The performance of Altice, the acquisitive investment vehicle controlled by telecoms billionaire Patrick Drahi, continues to diverge between its growing US division and its struggling French unit SFR where it is still losing clients.
Altice said on Thursday that core operating profit grew 9.5% in the first three months of the year to €2.24bn. However the gap widened between Altice USA, which grew 31.2 per cent to €896m, and SFR, where operating profit dropped 5.1 per cent to €820m.
SFR, the second-largest telecoms operator in France after Orange, continues to churn clients despite an expensive strategy of adding content to telecoms packages to try to attract and retain them. It lost 351,000 mobile clients and 213,000 broadband customers in the first quarter.
SFR’s first quarter operating margin of 30.3 per cent is the worst recorded since Mr Drahi bought SFR in November 2014, according to Reuters.
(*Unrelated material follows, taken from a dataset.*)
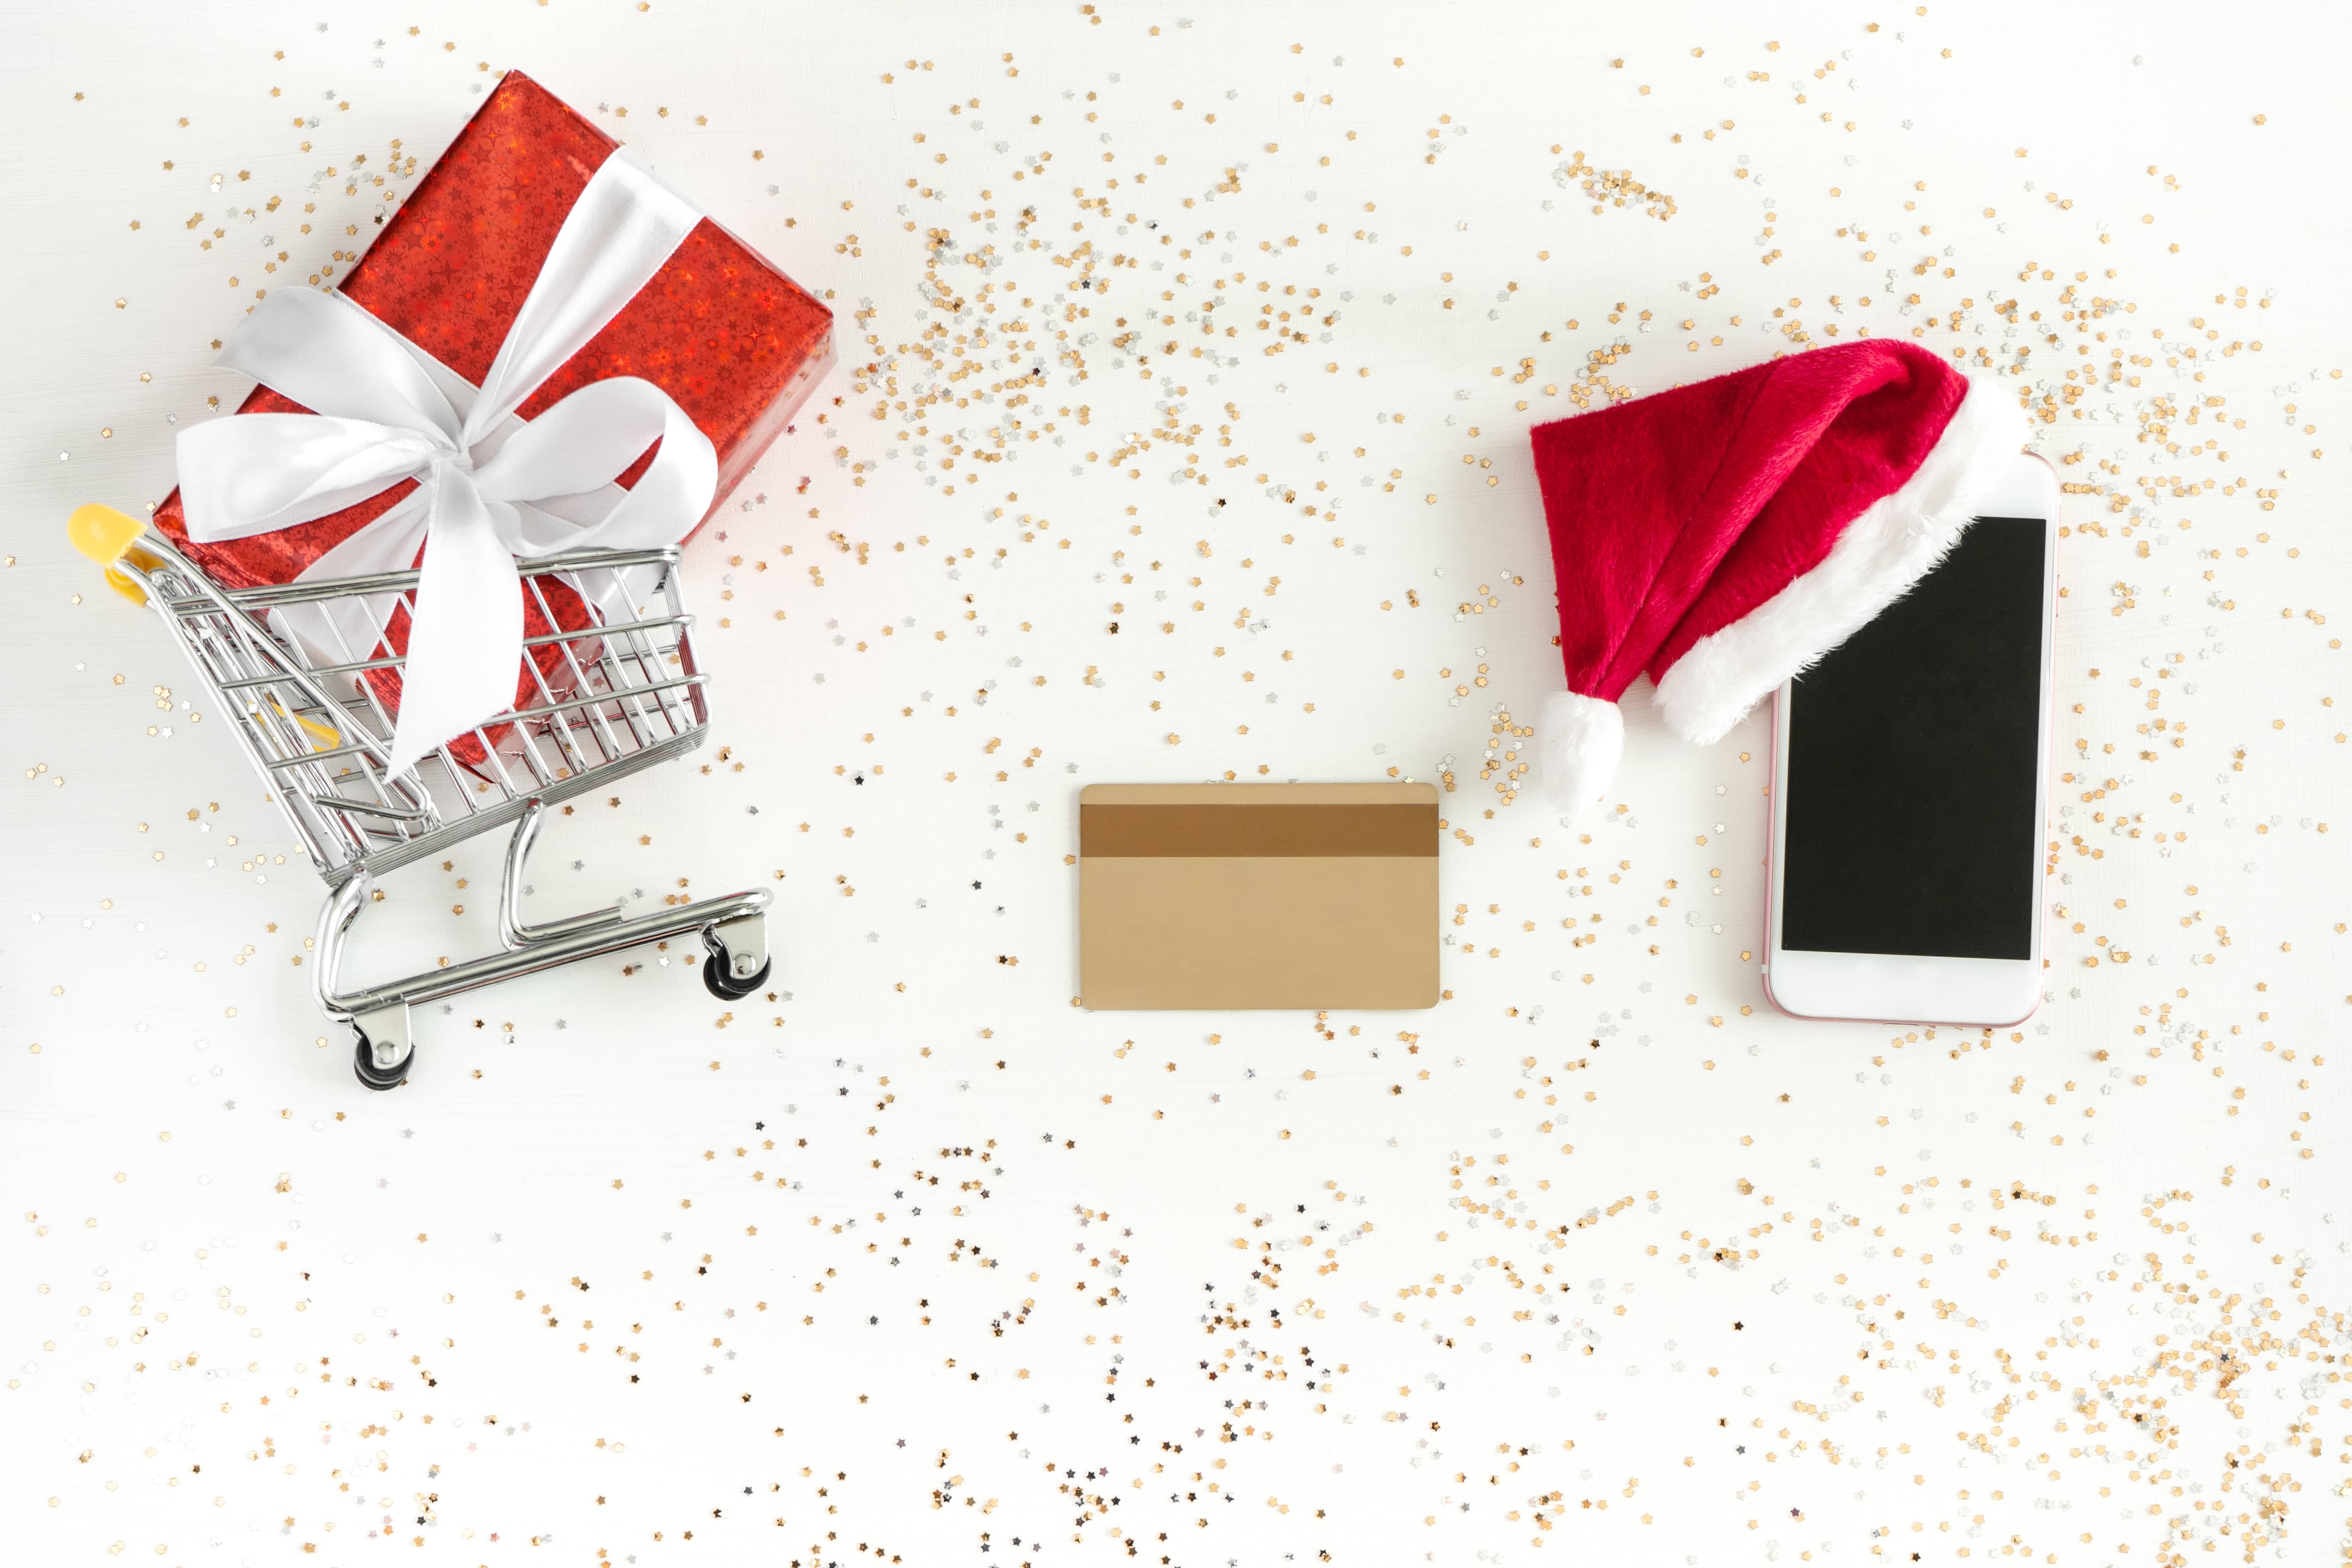 Marketing Trends on Christmas

Altice is preparing to float its US division, which would give the debt-laden group currency to fuel further expansion. Altice USA chief executive Dexter Goei said on a conference call that it is “yet to determine the number of shares or the price range” and is expecting comments from the US regulator in May.
Altice has been investing in networks and now “the number one priority is around customer experience,” said chief executive Michel Combes. The group’s strategy is based on a belief in the convergence of telecoms, media and advertising, and in March it acquired Teads, the number one video advertising marketplace in the world, as part of this.